Research on the application of improved Adam training optimizer in gas emission prediction

  • 摘要: 目前对基于神经网络的瓦斯涌出量预测模型的研究主要集中在瓦斯涌出问题上的表现,对模型训练中优化器性质的关注与改进较少。基于神经网络的瓦斯涌出量预测模型的训练常采用Adam算法,但Adam算法的不收敛性易造成预测模型的最佳超参数丢失,导致预测效果不佳。针对上述问题,对Adam优化器进行改进,在Adam算法中引入一种随迭代更新的矩估计参数,在保证收敛速率的同时获得更强的收敛性。以山西焦煤西山煤电集团马兰矿某回采工作面为例,在相同的循环神经网络(RNN)预测模型下测试了改进的Adam优化器在瓦斯涌出量预测中的训练效率、模型收敛性与预测准确度。测试结果表明:① 当隐藏层数为2和3时,改进的Adam算法较Adam算法的运行时间分别缩短了18.83,13.72 s。当隐藏层数为2时,Adam算法达到最大迭代数但仍没有收敛,而改进的Adam算法达到了收敛。

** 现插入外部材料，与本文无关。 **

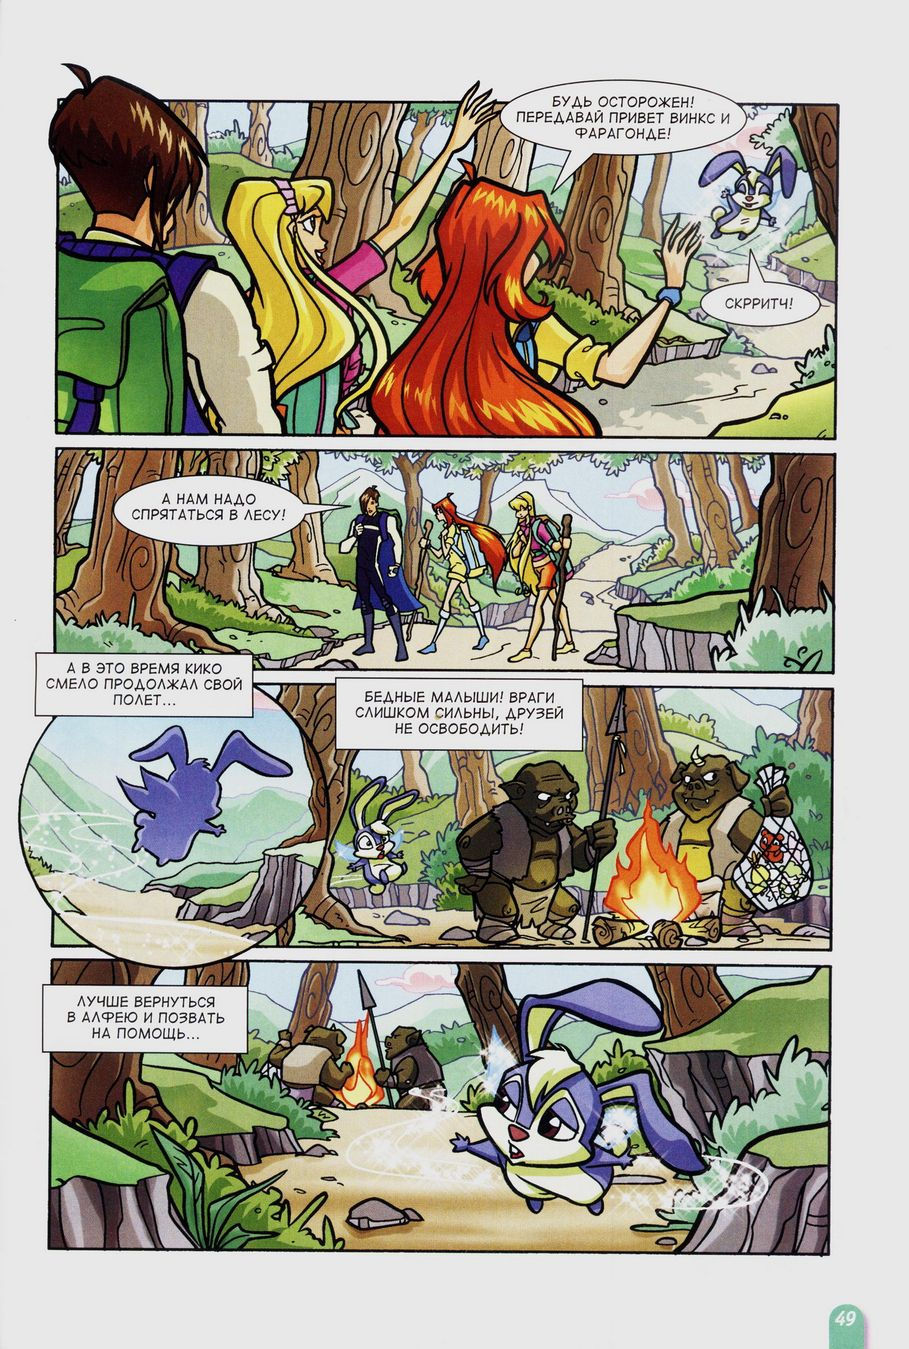 Комикс Винкс Winx - Волшебник Камуд (Журнал Винкс №6 2011) - стр. 49

② 在不同隐藏层节点数量下,Adam算法都没有在最大迭代步长内收敛,而改进的Adam算法均达到了收敛,且CPU运行时间较Adam算法分别缩短16.17,188.83,22.15 s。改进的Adam算法预测趋势的正确性更高。③ 使用tanh函数时,改进的Adam算法的运行时间较Adam算法分别缩短了22.15,41.03 s,使用ReLU函数时,改进的Adam算法与Adam算法运行时间相差不大。④ 使用改进后的Adam算法做遍历网格搜索,得到最佳的模型超参数为3,20,tanh,均方误差、归一化的均方误差、运行时间分别为0.078 5,0.000 101和32.59 s。改进的Adam算法给出的最优模型对于待预测范围内出现的几个低谷及峰值趋势判断均正确,在训练集上的拟合程度适当,未见明显的过拟合现象。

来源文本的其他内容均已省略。